Example Confidence curve in the Launchable dashboard
First, we take all the test sessions in the evaluation dataset.
We can visualize the result of a single session like this. Each block represents a test. Green means the test passed when it originally ran, and red means it failed. Wider blocks took longer to run; narrower blocks too less time to run.
Of course, there are multiple sessions in the evaluation dataset, which we can visualize like this:
Then, for each session in the evaluation dataset, we ask the model to prioritize all the tests from that test session + build combination (see How Launchable selects tests).
The model returns the list of test prioritized by failure density, i.e. how useful this test is at finding failures per second of test execution time.

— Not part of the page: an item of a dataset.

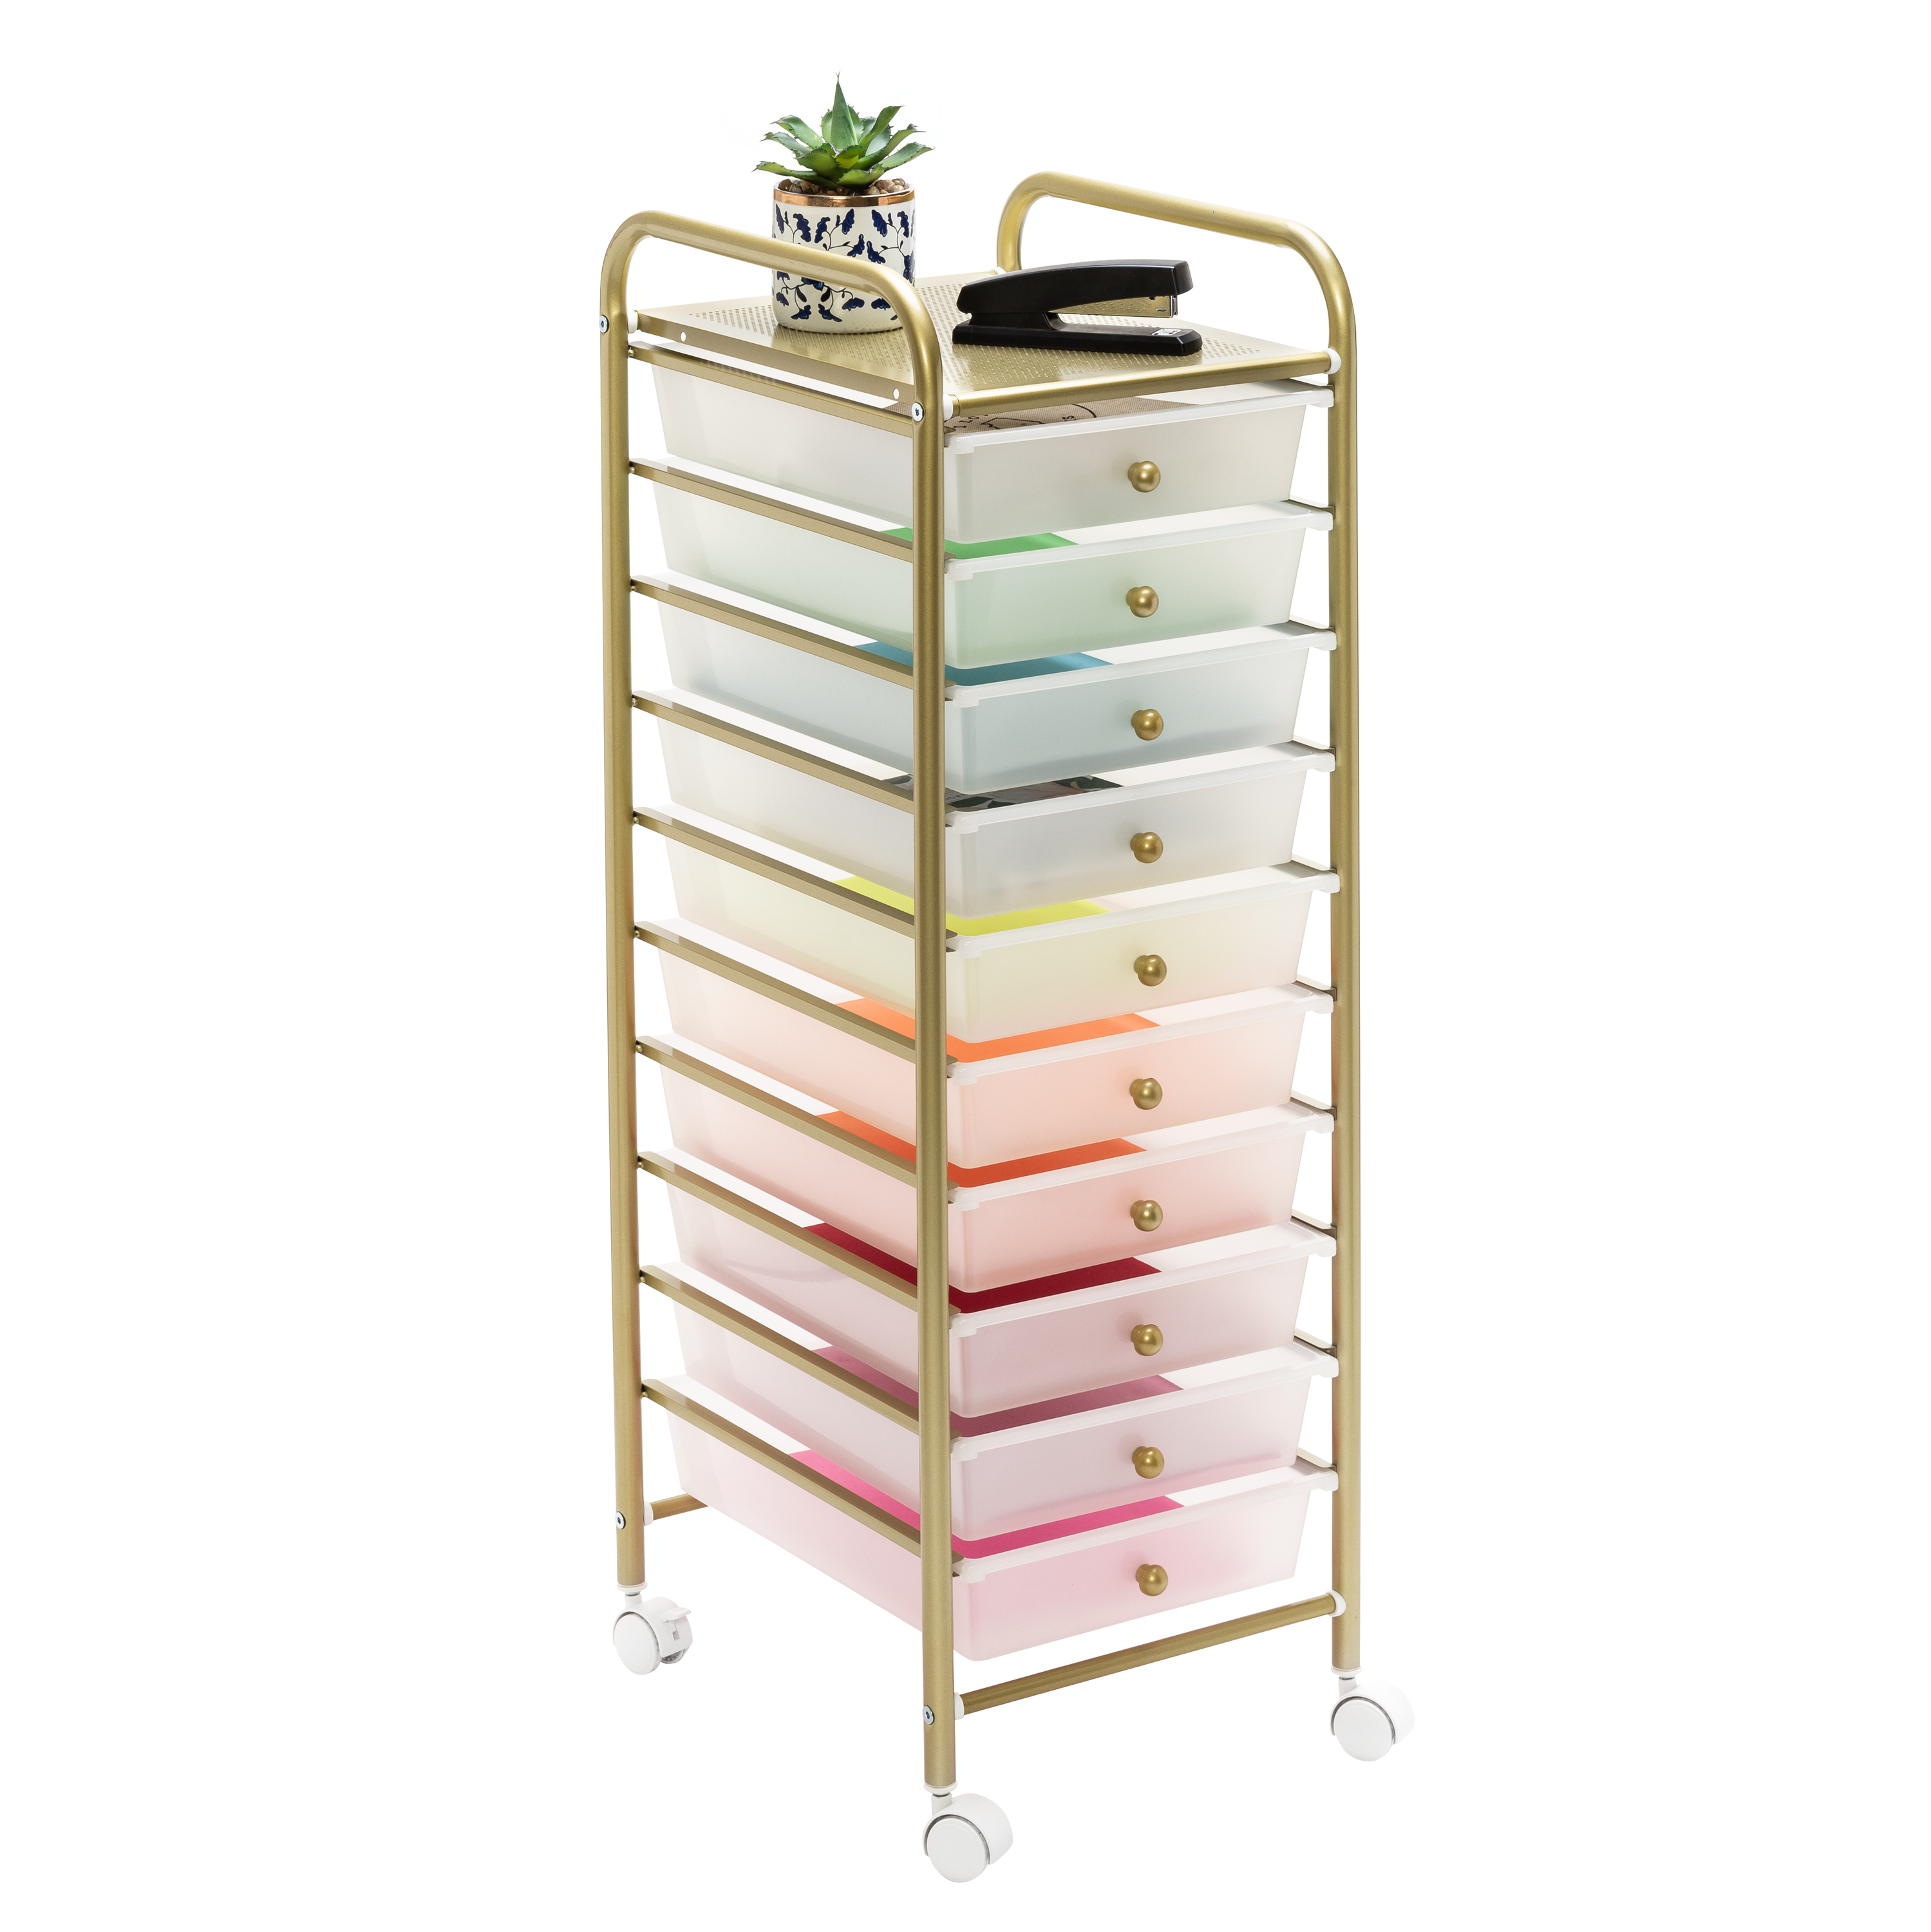 Honey-Can-Do Plastic and Steel 10-Drawer Rolling Storage Cart with 1 Shelf, Clear/Gold - image 1 of 10

Visualizing this process, again using a single session:
And again in aggregate across all our evaluation sessions:
The important thing to note is that the model hasn't "seen" these test sessions before - they were not used for training - but we know which tests passed and failed, because we have the full results! This lets us compare the actual test results for that session against the model's prediction of which tests had higher failure density. This tells us that -- for this session, at least -- Launchable can find a failing session by only running a small subset of tests:
If we're looking for test session failures (i.e. will the tests pass or not?), one failure is enough. It only takes one failing test case for the whole session to fail. When choosing an optimization target, we need to run enough tests that we're not going to mark a session as passing when it really failed. That's the definition of confidence.
By stacking a bunch of evaluation sessions together and seeing how long it takes Launchable to find a single failure, we can see Launchable's performance in aggregate. Sometimes Launchable's prioritization of an evaluation session will find the first failure earlier, whereas other times it'll find it later. We can sort the evaluation sessions by how long this takes, like this:
Then we can imagine an optimization target. How many failing sessions would we miss if we only ran a portion of the tests, like this:
At this stage, we've run all the evaluation sessions through the model, and we've compared the prioritization to the real results. Finally, we use this data to create your Confidence curve.
On the X-axis, we have test execution time. The upper bound of this axis is the maximum total execution time from all the evaluation sessions.
On the Y-axis, we have the Confidence percentage. This is the probability of correctly catching a failing session. When choosing an optimization target, we need to run enough tests that we're not going to mark a session as passing when it really failed. That's what this percentage represents.
The pink line represents the intersection of these two factors aggregated across all the evaluation test sessions. Logically, the line starts at (0,0%) and ends at ([max],100%): if we run no tests, we'll miss every failing session, and if we run all the tests, we'll catch every failing session. However, Launchable's power is in the in-between. Notice how the pink line isn't straight: it's curved to the left. This means that Launchable can catch more failing sessions in less time!
For example, the above image tells us that if we set our optimization target to 90% confidence, we should expect to only run 10 minutes of tests (X-axis), and we should expect to catch 90% of failing sessions (Y-axis). Similarly, if we set our optimization target to 25 minutes (X-axis), we should expect to catch 95% of failing sessions (Y-axis). Both of these are great improvements over running all the tests.